The music and me

It is rare that feeling to write something about me but it is something that I do not really dislike to expose people interested in the subject to be treated and consider curious or interesting. This time I would like to expose the brand that music has left, how I perceive it and how it has been an escape in the most difficult moments in my life.




It is clear that you do not have to be a musician or play an instrument to feel comfortable with those songs that touch you and leave a small mark on you regardless of the song to be treated. Personally, I consider myself or I visualize myself as a transmitter or catalyst when I listen to a music that makes me transcend and merge with me dancing along with my thoughts.
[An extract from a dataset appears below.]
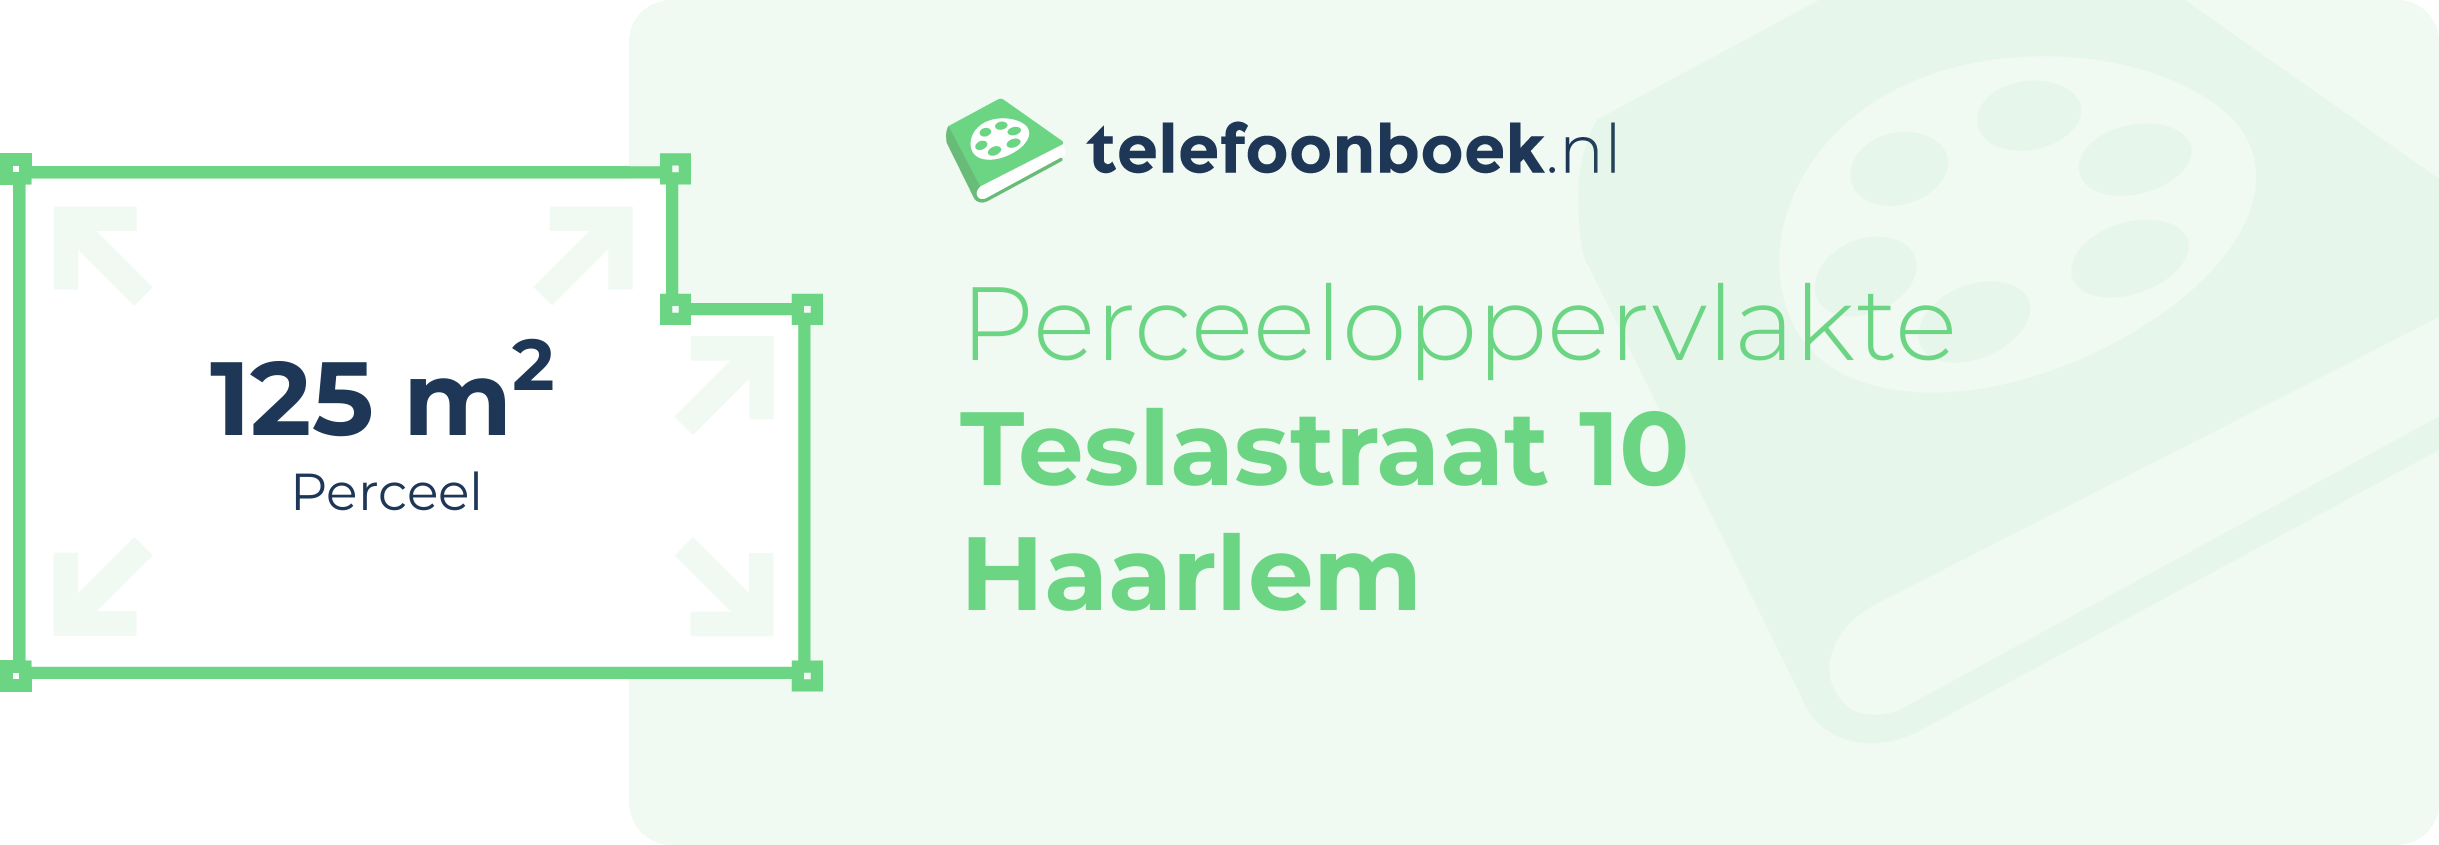 Perceeloppervlakte Teslastraat 10 Haarlem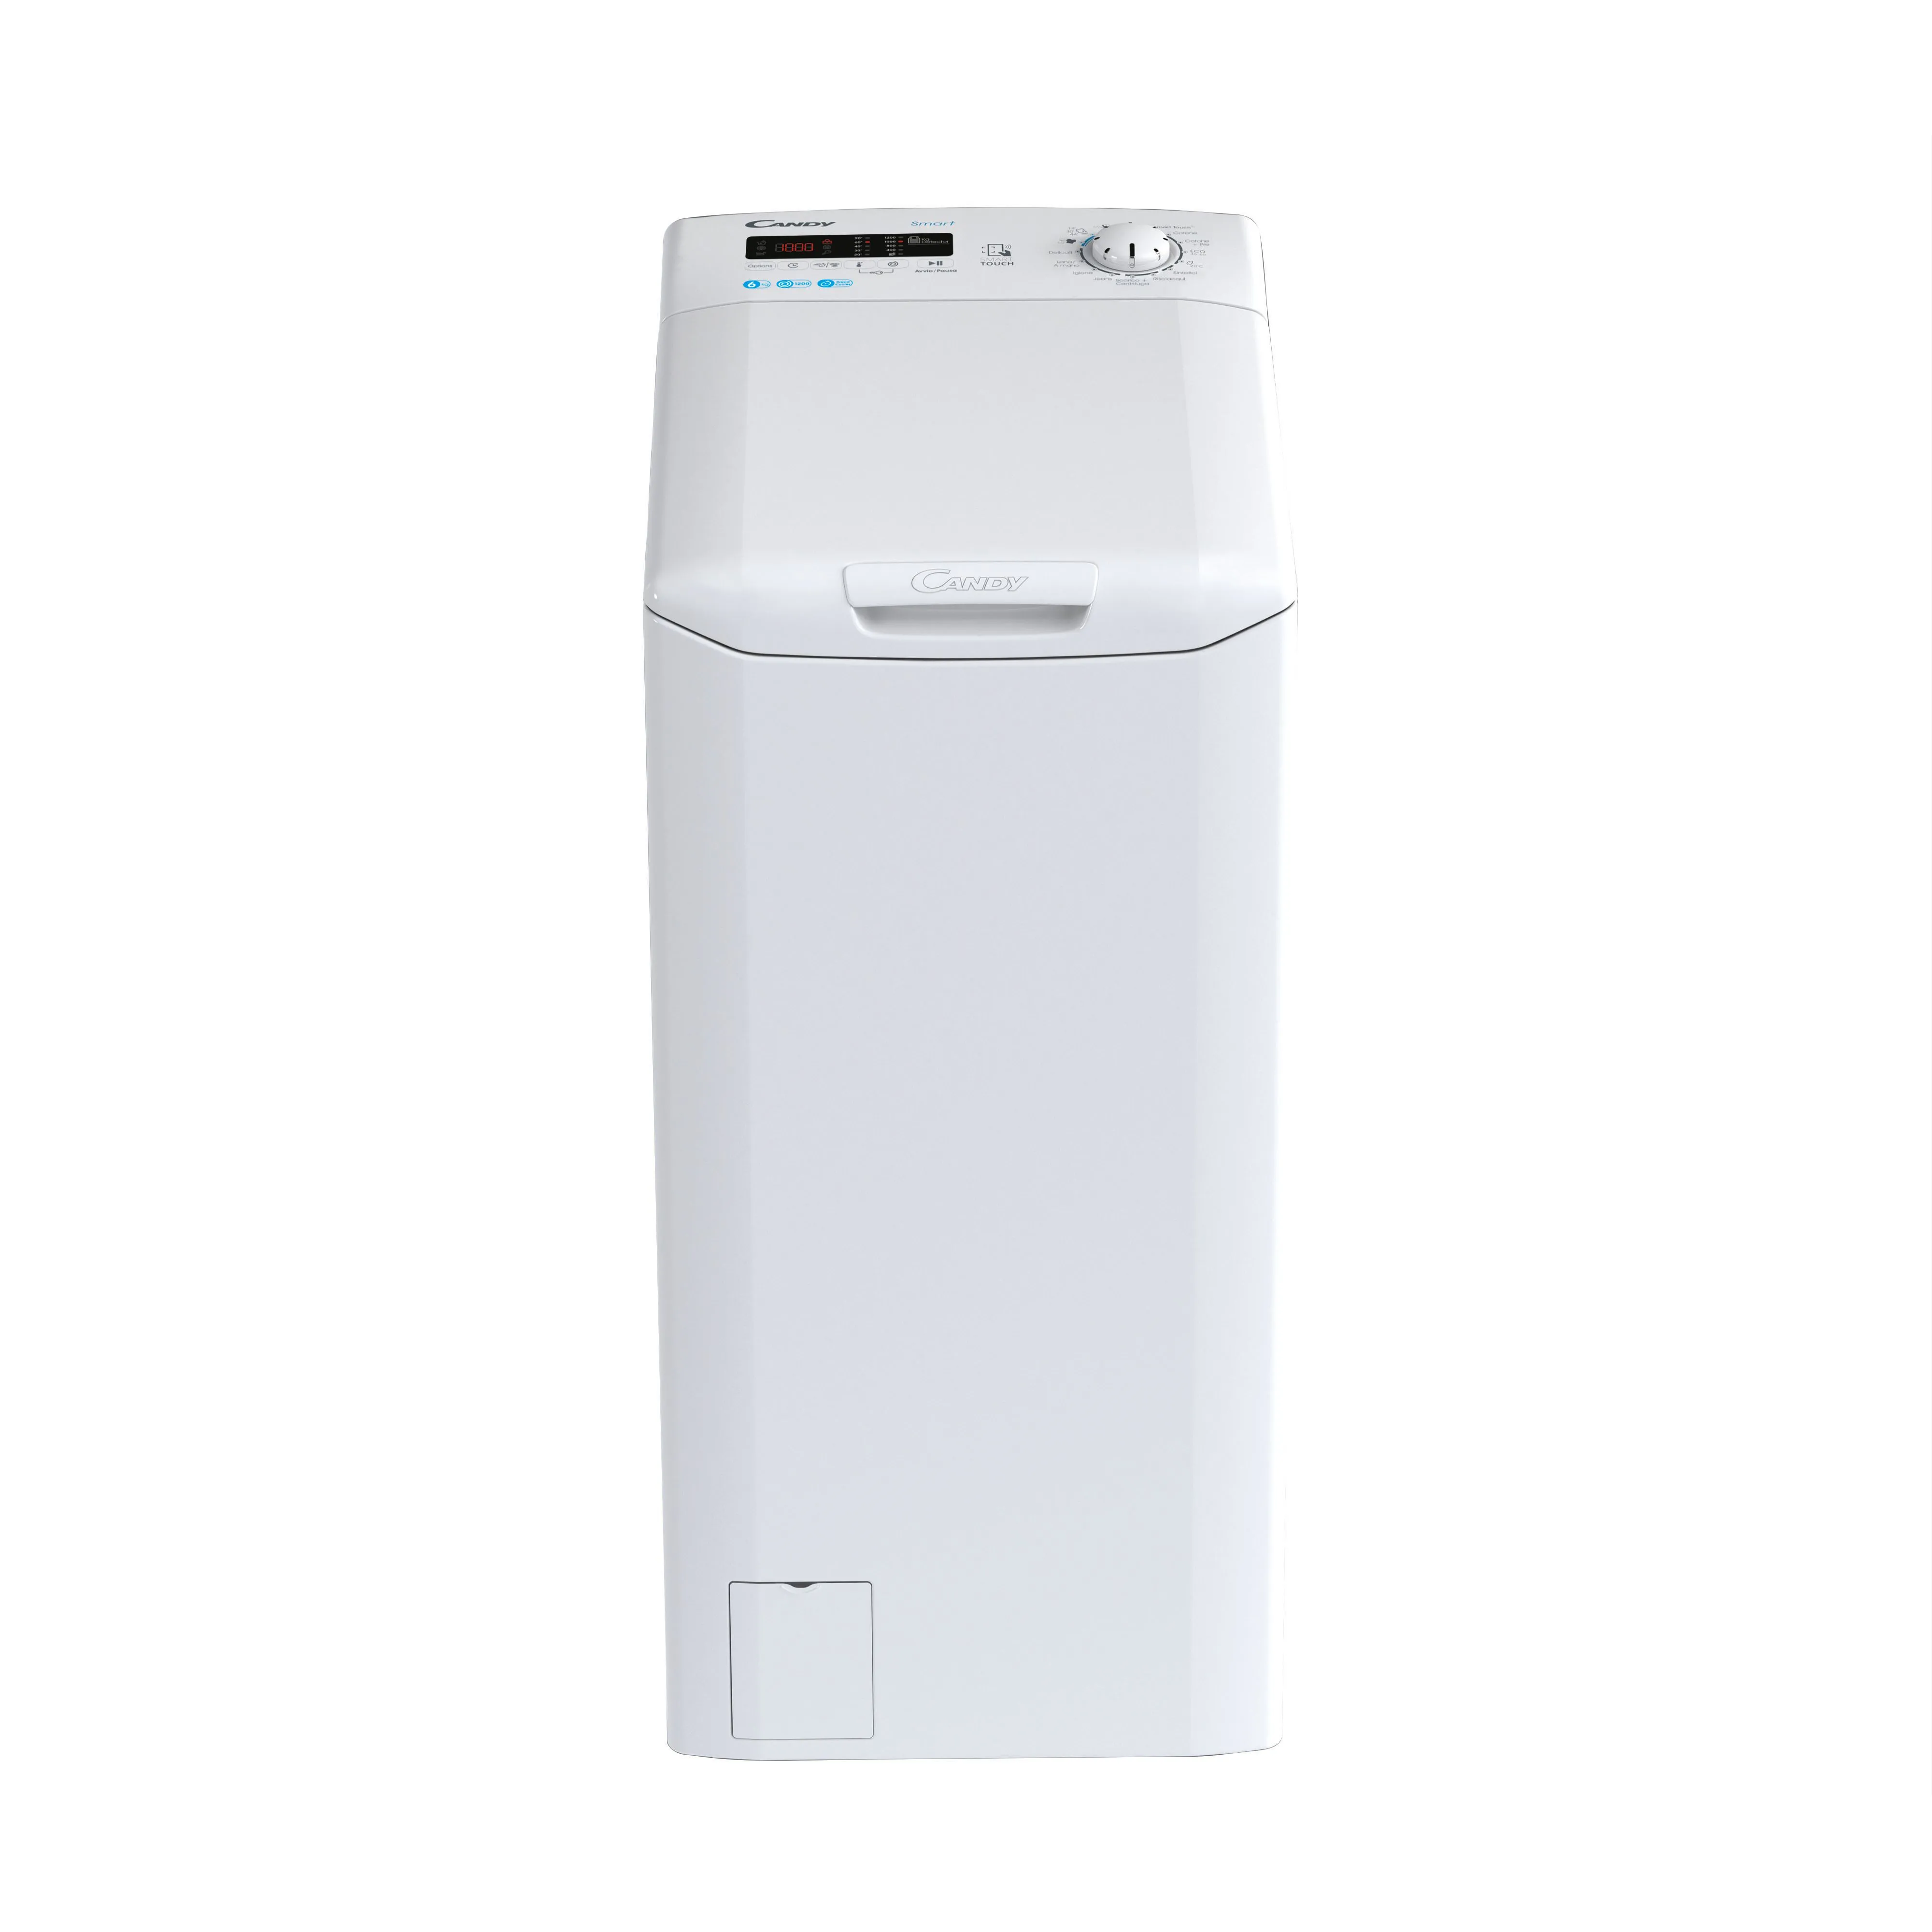  Smart CST 262D3/1-11 lavatrice Caricamento dall'alto 6 kg 1200 Giri/min Bianco

I just close my eyes, I go to bed and I am in a state of rest, then the image that forms before my eyes is dark until I take the form that I want to transmit and adapt to that feeling allowing me to see myself inside, observing all that information stored in my memory, that transmits that sound using it as a source to go beyond where I want to take.


It is an escape for me, perhaps because of the magic that transmits to me when I am in that transe whether lying down or walking is something that takes me away from the present lived and transports me away, allowing me to be in a state similar to that of an autopilot. It is that kind of magic resembling love accepting it as it is as if you reflected it to a person, the moments are gone only you and that emotion reduced to abstract moments filling me with happiness, an ephemeral but pure in its state of transition.